To find how fast the radius is growing when the radius is 4 ft, we first need to relate the volume of the sphere to its radius. The formula for the volume of a sphere is given by \( V = \frac{4}{3} \pi r^3 \). We can differentiate both sides with respect to time \( t \): \[ \frac{dV}{dt} = 4 \pi r^2 \frac{dr}{dt} \] We know that \( \frac{dV}{dt} = 8 \) cubic feet per minute (the rate at which helium is being pumped in) and we want to determine \( \frac{dr}{dt} \) when \( r = 4 \) ft.
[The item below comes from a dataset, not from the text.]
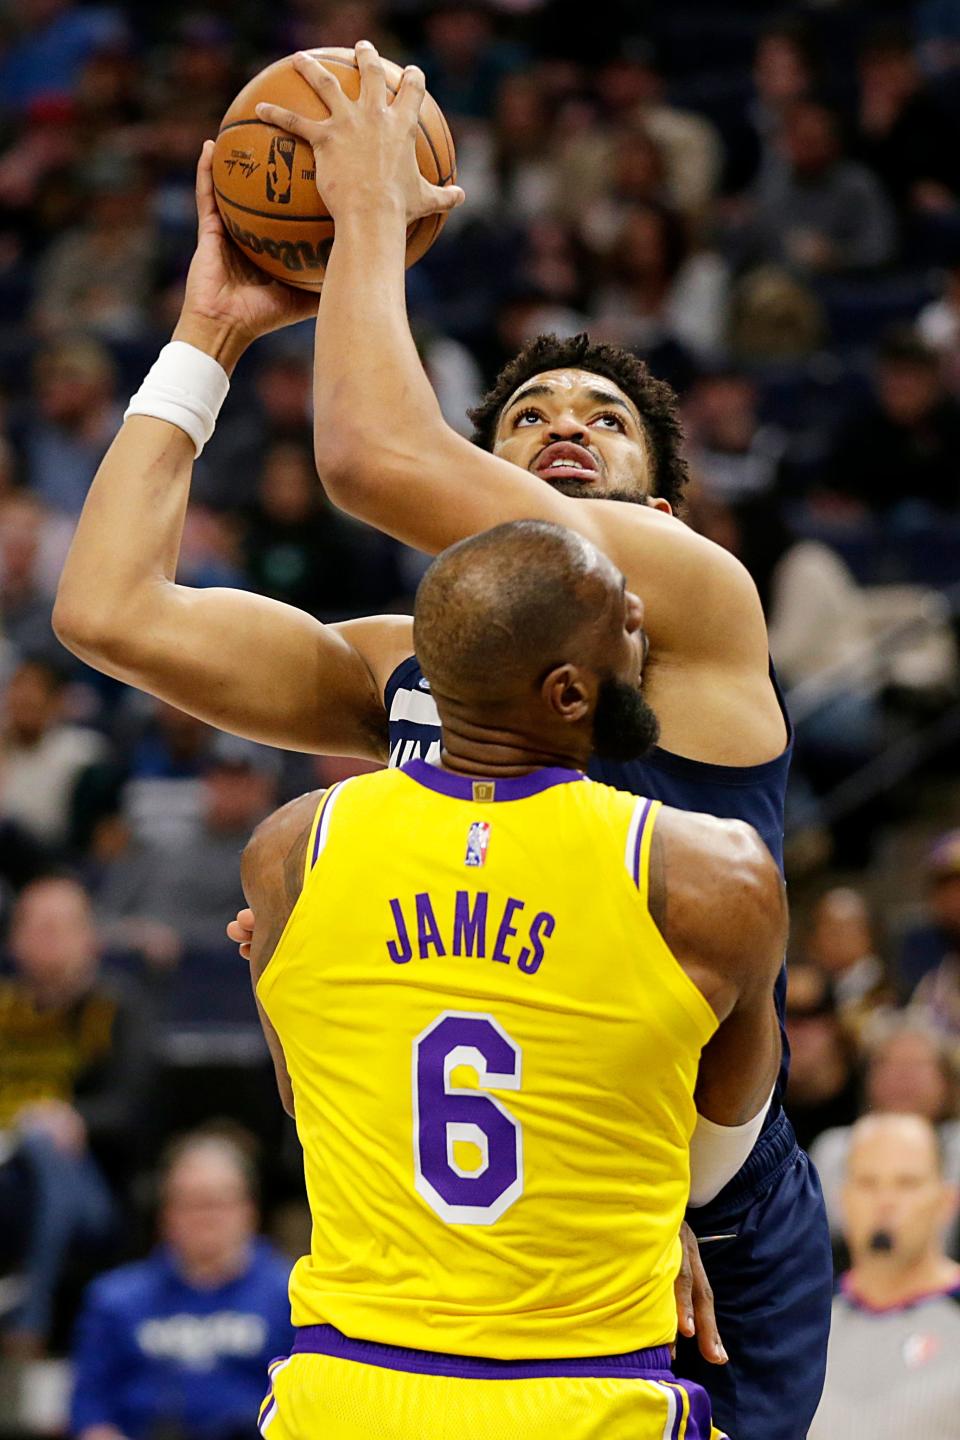 Will the Timberwolves or Lakers win their NBA Play-In Tournament game?

First, we can substitute these values into the differentiated equation: \[ 8 = 4 \pi (4^2) \frac{dr}{dt} \] Calculating \( 4^2 \) gives us 16, so: \[ 8 = 4 \pi (16) \frac{dr}{dt} \] This simplifies to: \[ 8 = 64 \pi \frac{dr}{dt} \] Now, divide both sides by \( 64 \pi \): \[ \frac{dr}{dt} = \frac{8}{64\pi} = \frac{1}{8\pi} \] Now let's calculate \( \frac{dr}{dt} \) to two decimal places: \[ \frac{1}{8\pi} \approx \frac{1}{25.13} \approx 0.0397 \] Rounding to two decimal places, we get: \[ \frac{dr}{dt} \approx 0.04 \text{ ft/min} \] So, the radius is growing at approximately 0.04 feet per minute when the radius reaches 4 feet!